It may seem a verbose question but if I may be indulged I think there’s something in this image that tells us something important - that challenges a common acceptance - about cinema and the engagement of dramatic action.
To steer away (momentarily) from the Dog and his ‘Business’ we might pose a more palatable question “Why do we watch Movies?”
Entertainment, Information, Escapism.
If the old Family Feud game show had surveyed a 100 people and gathered their top three responses for contestants to guess it would be no family of Einsteins required to take home the prize.
The low-brow family might say Entertainment, the high-brow family would say Information to hold up an appearance of holier-than-thou and likely a cross demographic of busy modern workers would simply declare Escapism.
But im not so sure any of these is the reason Why We Watch? These are things we get from watching but none of these three - Entertainment, Information or Escapism are inherent to drama or to cinema. To bring relevance to the blog title; I can be entertained, be informed and experience escapism by watching a dog take a dump on a lawn. But I wouldn’t call it cinema and unless it held a particularly dynamic performance aspect, I wouldn’t call it dramatic.
So why do we watch? (Movies that is, not the dog…) We watch because we like to Worry. We love to stew in our own worry about the fate of the world, about whether the boy will get the girl, about the soldier, about the mother, about the child, worry whether the bomb will go off, whether the hero will escape, whether then treasure will be found or the secret uncovered, whether the truth will be revealed or the criminal escape, worry if love will ever be requited or the family reunited…
Where Entertainment, Information and Escapism are the by-product results of watching it is Worry that is the essence of the desire to watch. Our most primeval impetus as humans is to Hope for something to happen whilst Fearing that it won’t. Hope +/- Fear = Worry. And there is no great work of cinema that doesn’t with each shot, cut and word seek to make us worry More…

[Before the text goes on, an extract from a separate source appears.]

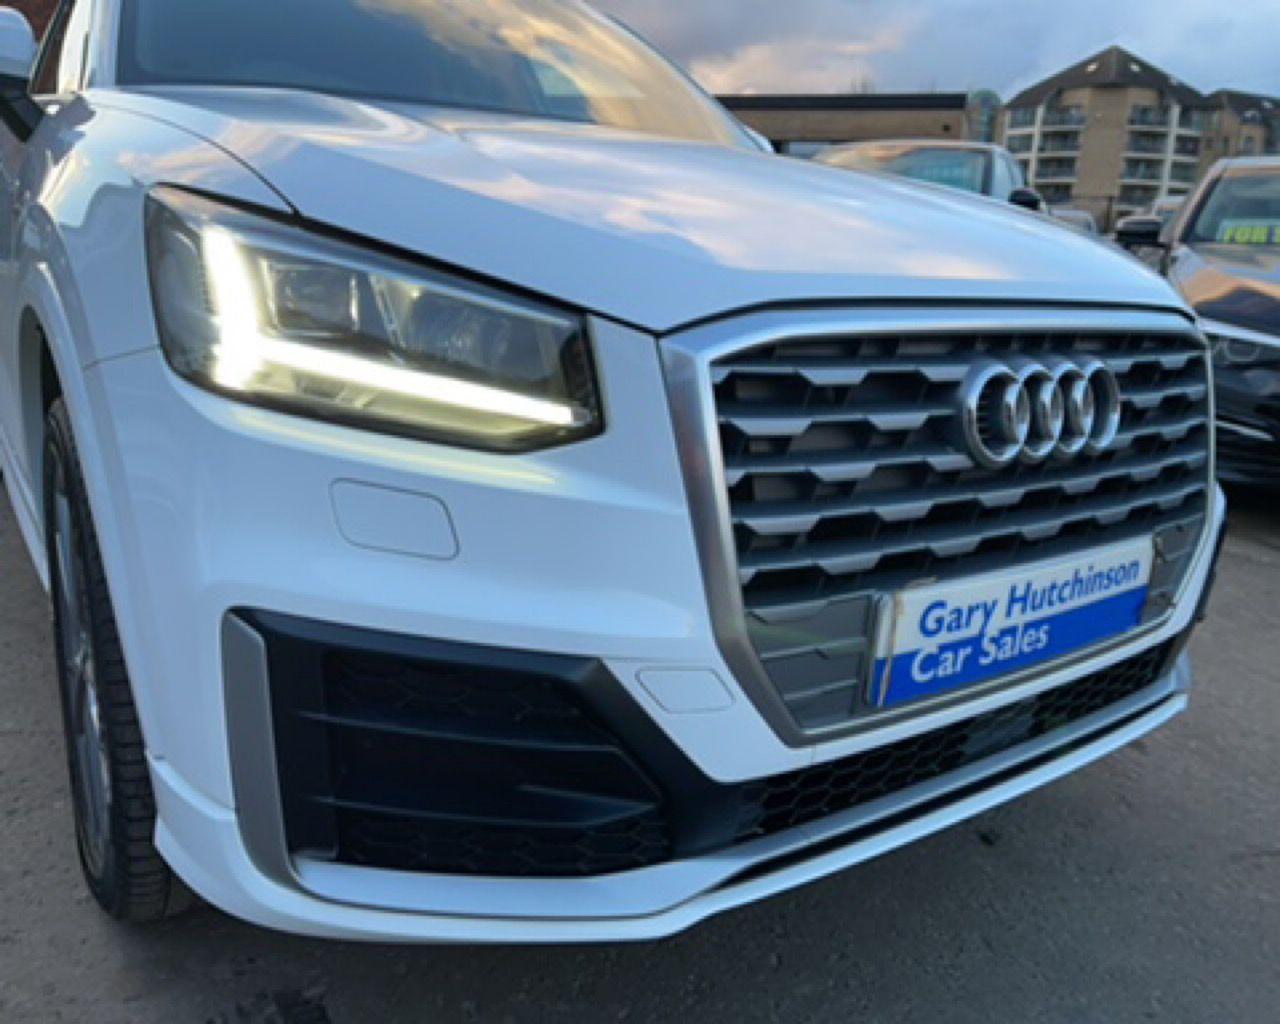 2017 Audi Q2 1.6 TDI S LINE Diesel Manual  – Gary Hutchinson Car Sales Belfast full

This is what is inherently problematic with the oft touted idea of cinema’s reason for being and driving goal being ‘entertainment’. Entertainment can exist without Worry, can be plain to view without the nexus of Hope and Fear. As such, whilst cinema can (and should) be entertaining, entertainment is not of itself cinematic. Any film whose primary endeavor is ‘entertainment’ invariably risks failure - failure to engage the viewer with more powerful drivers. Such films become the equivalent of a dog dump on the lawn; funny, amusing, disgusting and alarming such a sight may be - perhaps even a little emotional - but ultimately unmoving, disposable and un-cinematic because whilst I may be entertained I am not in a state of Worry…

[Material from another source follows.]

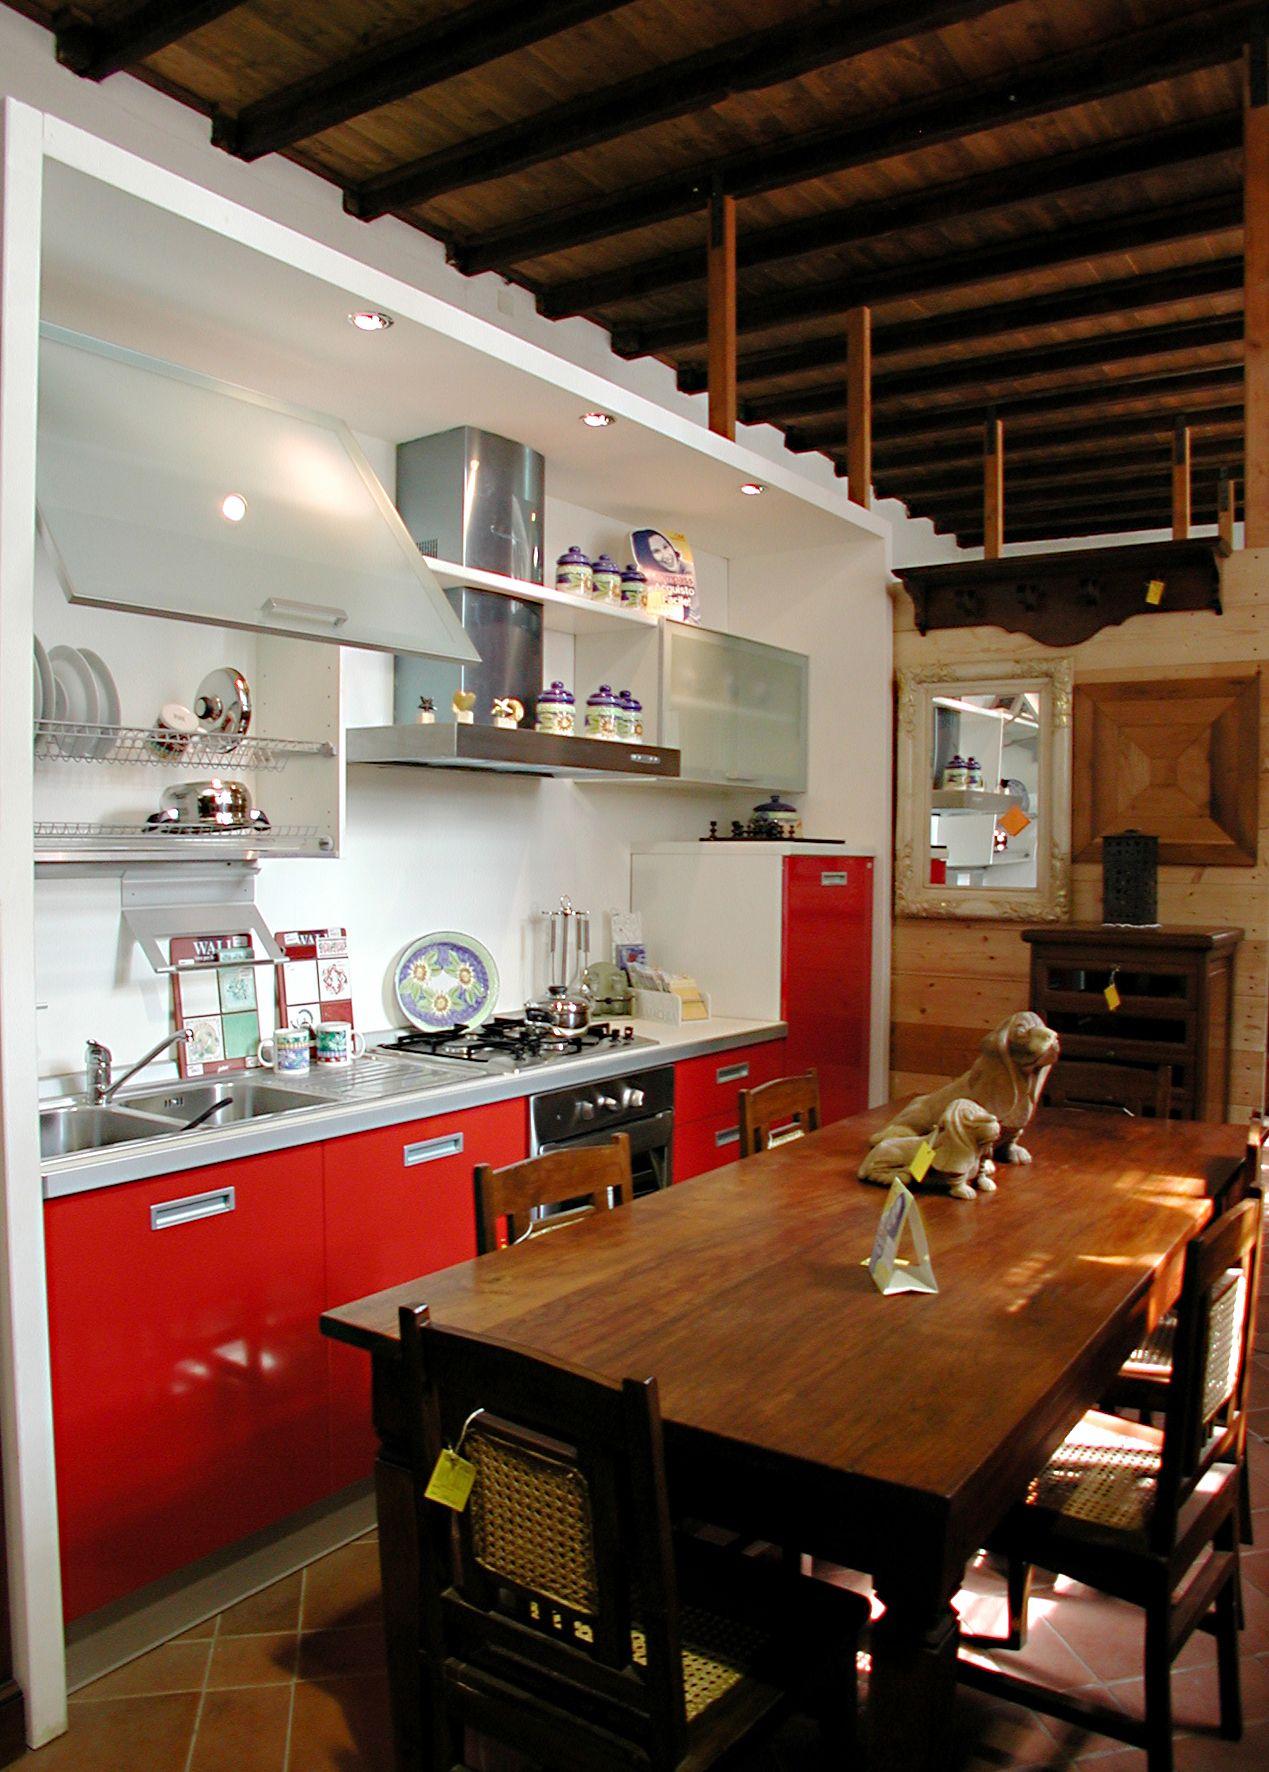 cucina rossa tavolo in legno

These ruminations have become course mantras of mine for my students in recent years but I was delighted to find much more articulate expressions in the pages of the journal Lum:na; a publication of the Australian Film TV and Radio school (AFTRS) (where incidentally I now work - or will do come the 18th January).

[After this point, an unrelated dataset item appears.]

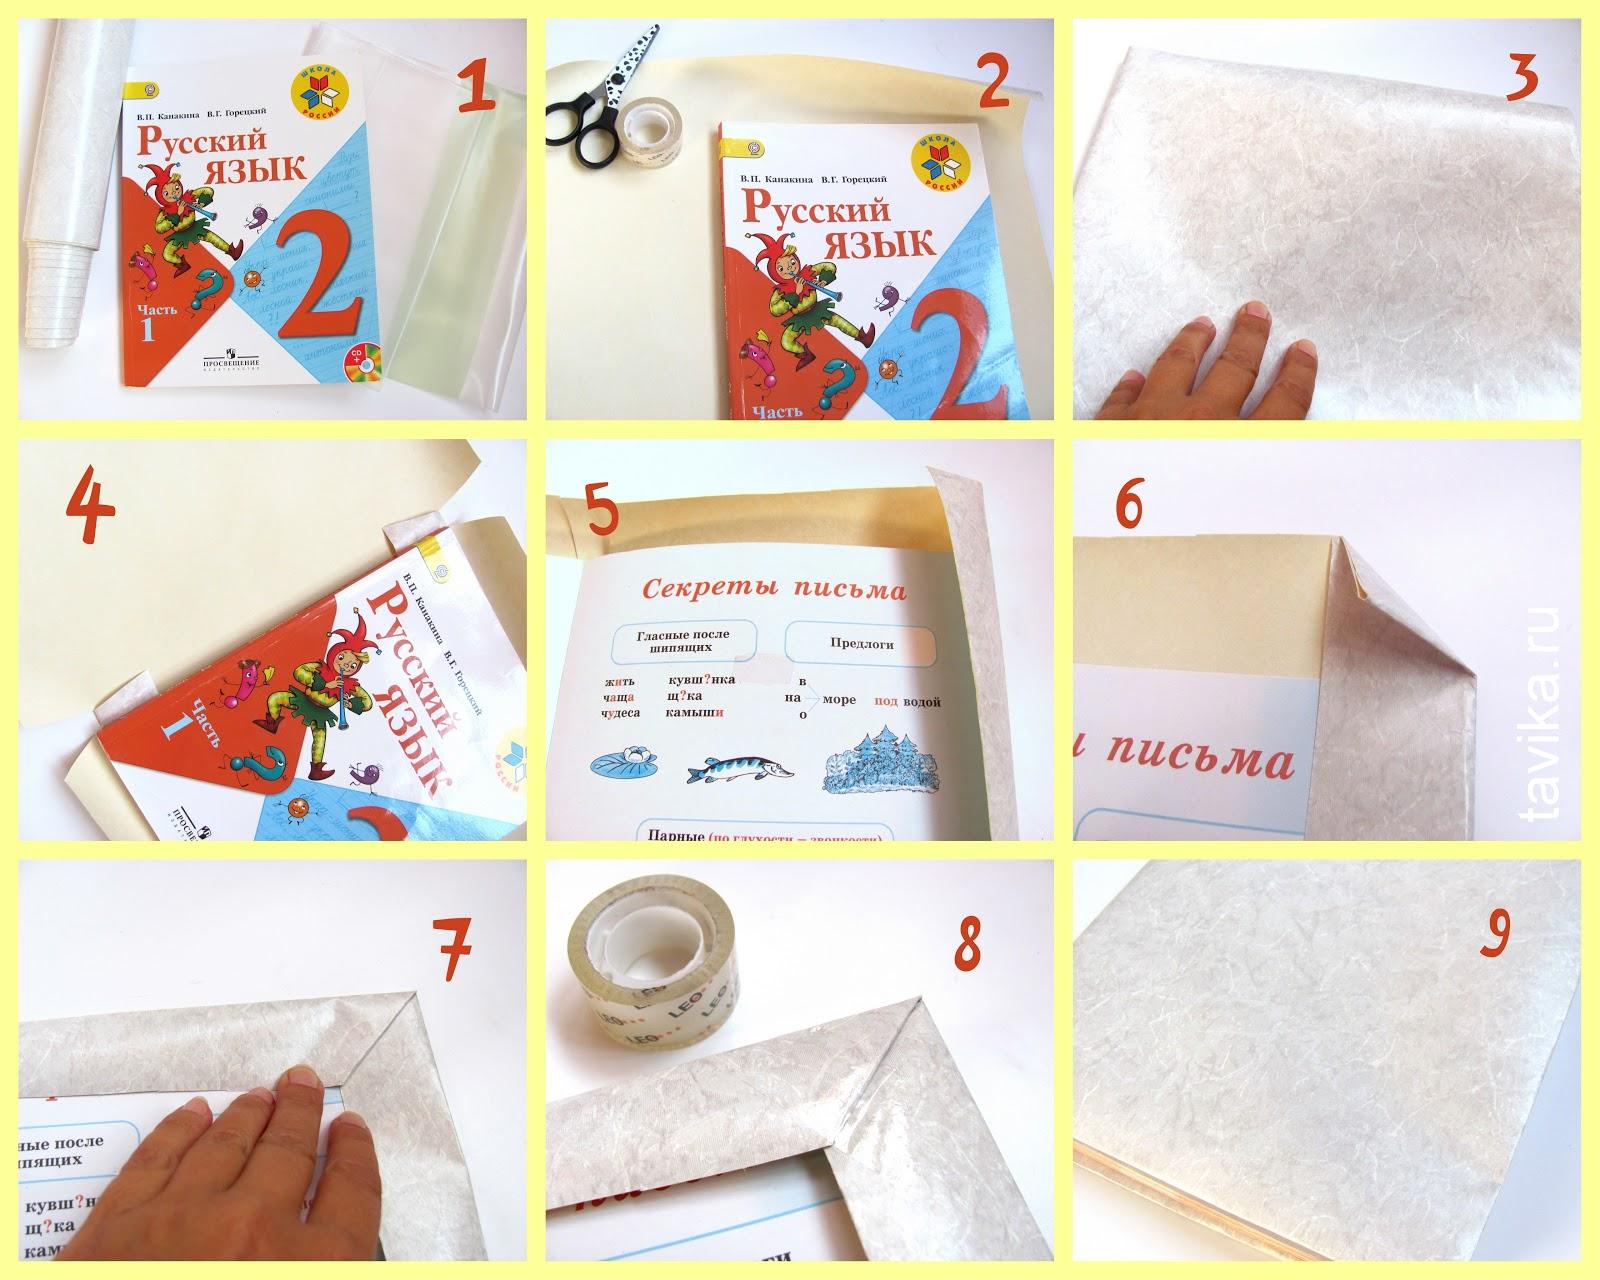 Как сделать обложки для учебников своими руками фото 988

Karen Pearlman (head of screen-studies at AFTRS and an accomplished film editor in her own right) lays out a compelling argument for the power of Myth in her essay ‘Make Our Myths’ (a shortened abstract can be read on Urban Cinefile but I thoroughly recommend getting a copy of the full Journal from your local good bookshop)
The trap for Australian cinema (and by extrapolation many national cinema’s outside of the US) has been an all too often unquestioned premise (most often linked to government funding and subsidy) of ‘telling our own stories’. Karen’s argument (one that had me in near epileptic fits of agreement-nodding like a scene from Wayne’s World) is that such a directive has led “us down the garden path of naturalism to a rut so deep that it seems people would rather stay at home and argue with their own families than go and watch another Australian domestic drama on screen.” p32
More powerful than telling our own stories is forging our own Myths. Karen suggests such cinematic myths are borne of three tenets - Scale, Dynamics and Ownership and that evoking such properties; “Does not mean movies have to be happy or sad, smart or dumb, expensive or cheap, real or surreal. They must have scale, dynamics and ownership by more than just their makers.” p37
Following similar empowering and informative perspectives is Ron Cobb’s sentiments on Science Fiction cinema with the pages of the same issue. Best known for design work on Star Wars, Alien, The Abyss and Total Recall Cobb also draws connection with the power of mythical scale and grand-stakes. He observes the trap of mistaking Escapism as the primary driver of cinema “Nonsense is okay so long as it is experienced as nonsense, understood as a metaphor; escapism shuts of the grandeur of the world. It is self-comforting and in that sense infantile.” p99
He goes on to connect this issue in cinema to a deep and broad spread of modern societal problems;
“We escape from reality at our peril. The current social realm of pseudo-cures, cults, quackery, conspiracy theories, etc., comes from gullibility, a desire to retreat into a dream world that I would not like to see so accelerated.” p99
Both these examples, which draw from different impetus, point toward some powerful truths of the cinematic experience - or perhaps, more correctly, highlight the flaws of common misconceptions. Cinema is not driven by a desire for entertainment nor for escapism (and certainly not information) but by something simultaneously more complex and primeval - the desire to teeter our senses on the fulcrum between Hope and Fear. The screenwriter and filmmaker’s mantra therefore should not be ‘Keep them Entertained or Interested or Informed’ but rather ‘Keep them Worried…’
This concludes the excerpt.